WHAT TO DO
Your answer should be the lines from the one with "VTG WSU 92 Copper" to the end of the data below, both included, exact and free of pictures.

DATA SHOWN
..............................
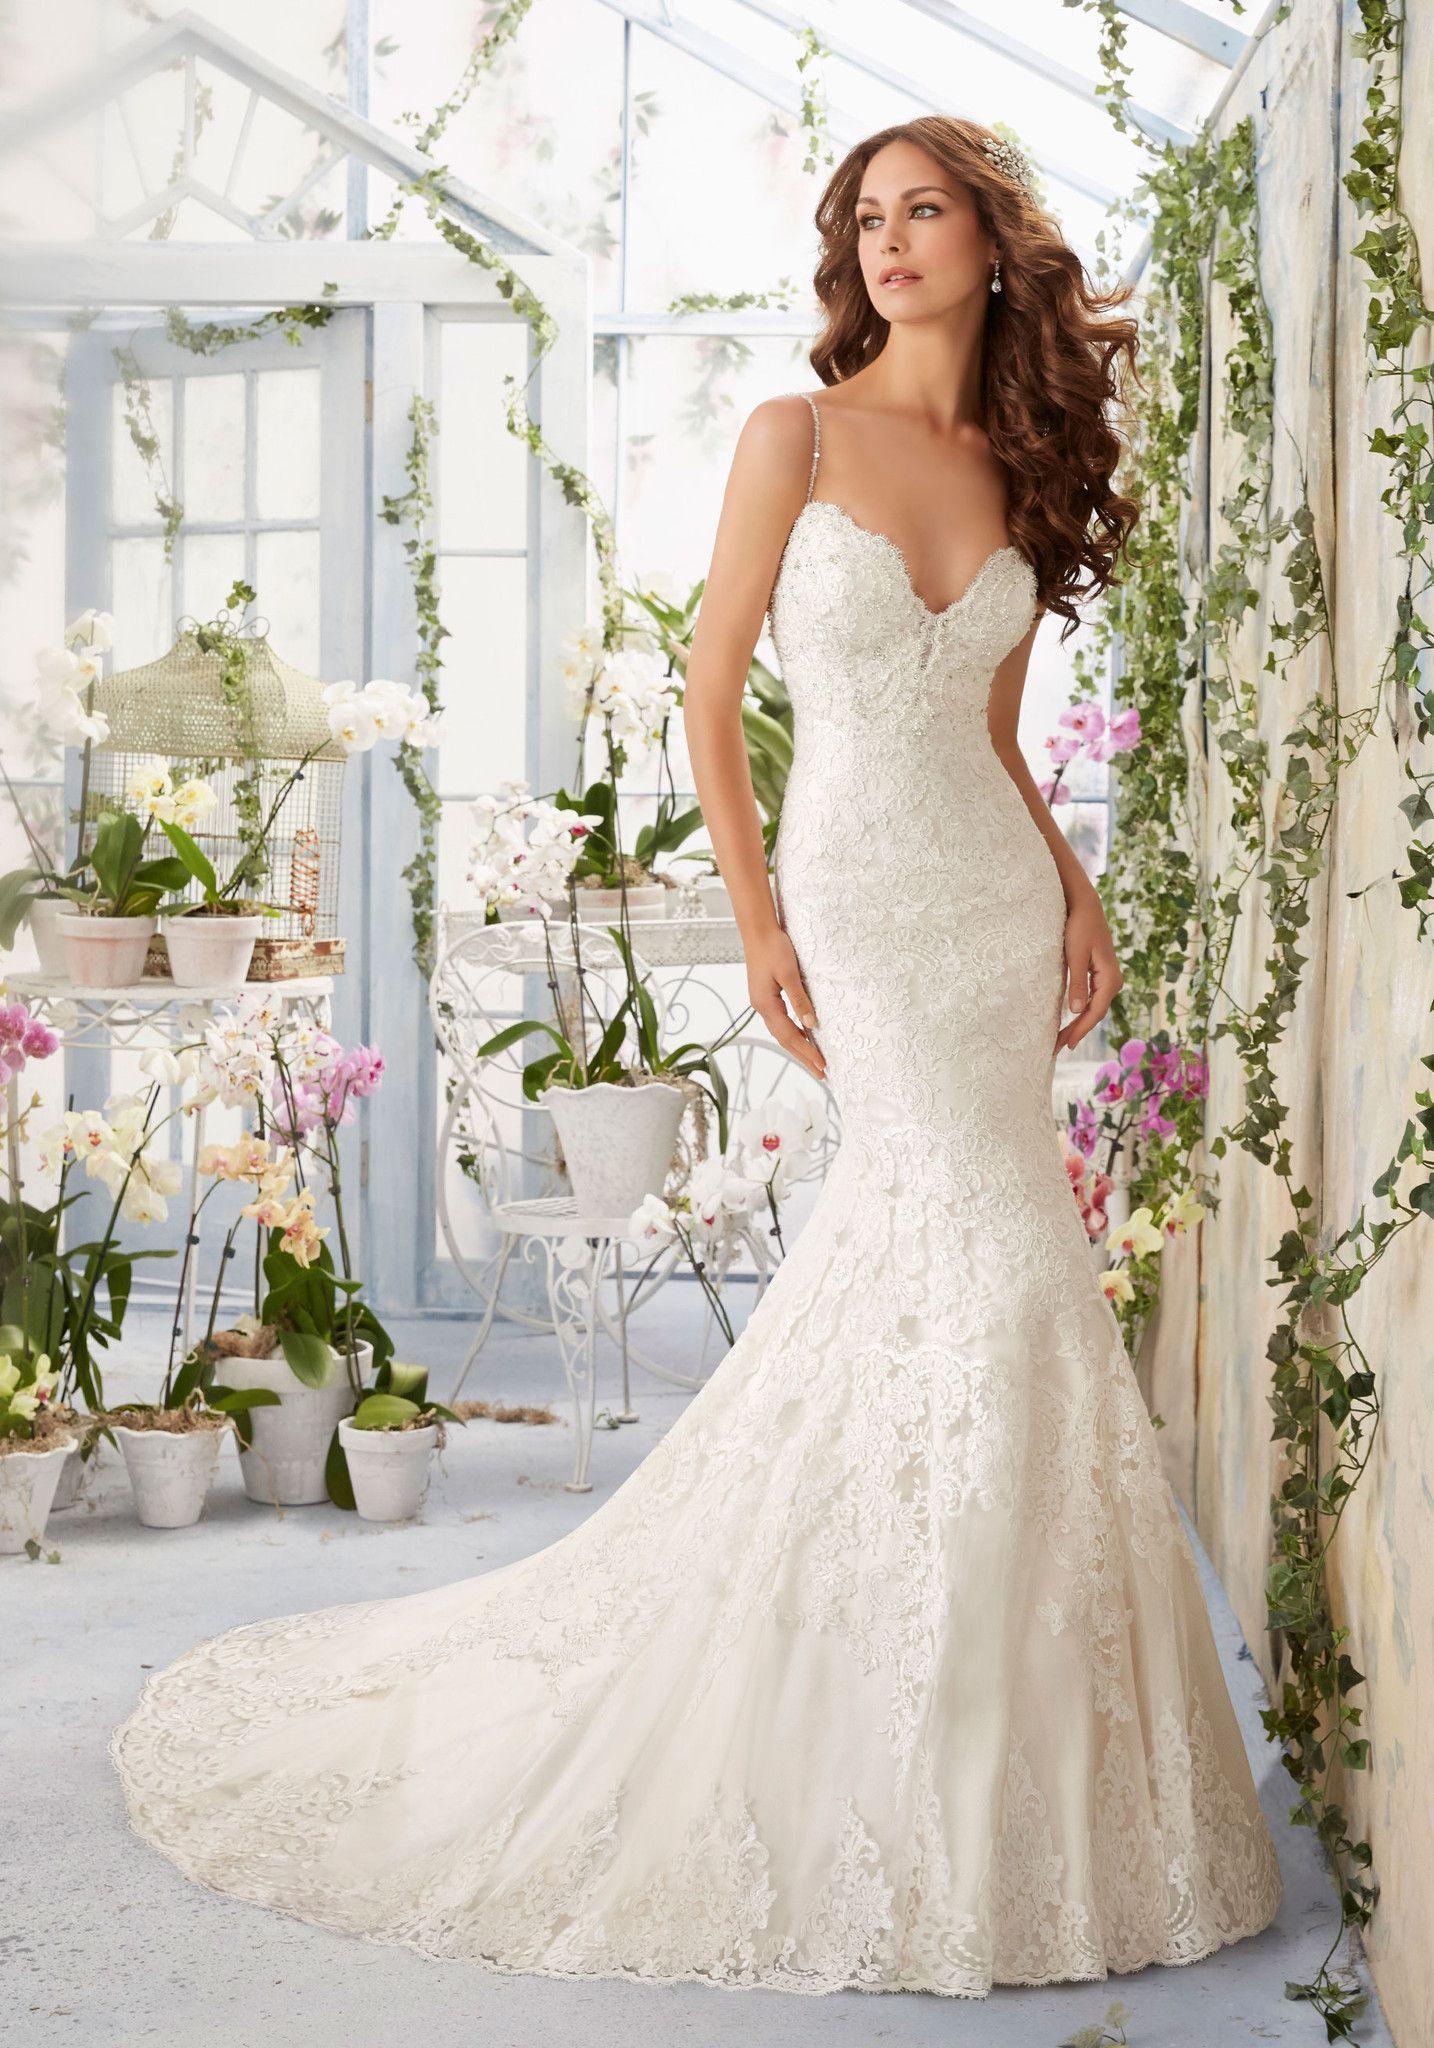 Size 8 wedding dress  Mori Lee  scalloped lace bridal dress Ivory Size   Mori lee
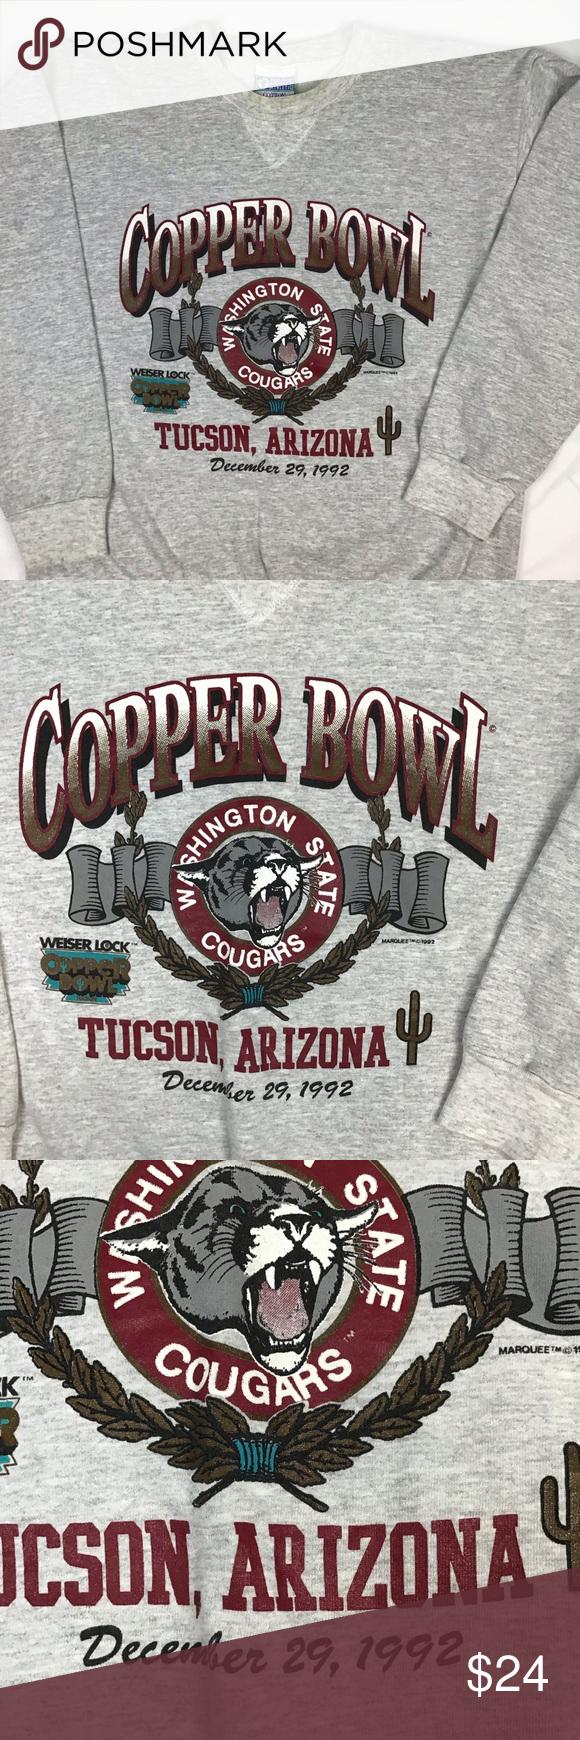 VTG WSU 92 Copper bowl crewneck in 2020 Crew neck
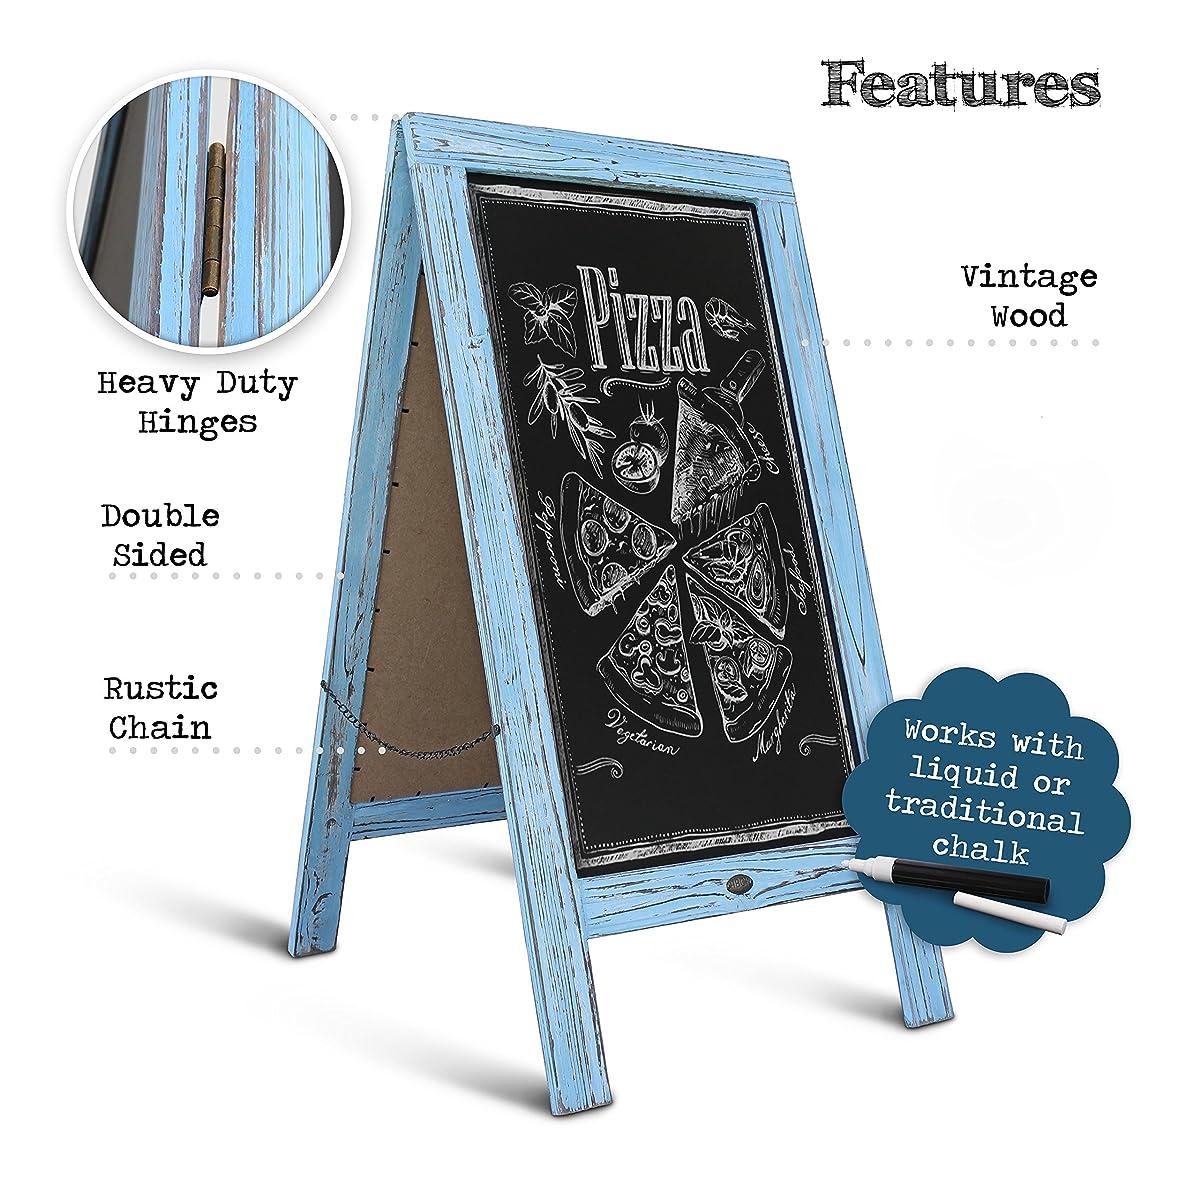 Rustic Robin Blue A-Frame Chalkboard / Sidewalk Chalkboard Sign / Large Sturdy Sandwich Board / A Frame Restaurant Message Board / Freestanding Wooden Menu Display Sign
..............................
WRITTEN REPLY
 VTG WSU 92 Copper bowl crewneck in 2020 Crew neck
 Rustic Robin Blue A-Frame Chalkboard / Sidewalk Chalkboard Sign / Large Sturdy Sandwich Board / A Frame Restaurant Message Board / Freestanding Wooden Menu Display Sign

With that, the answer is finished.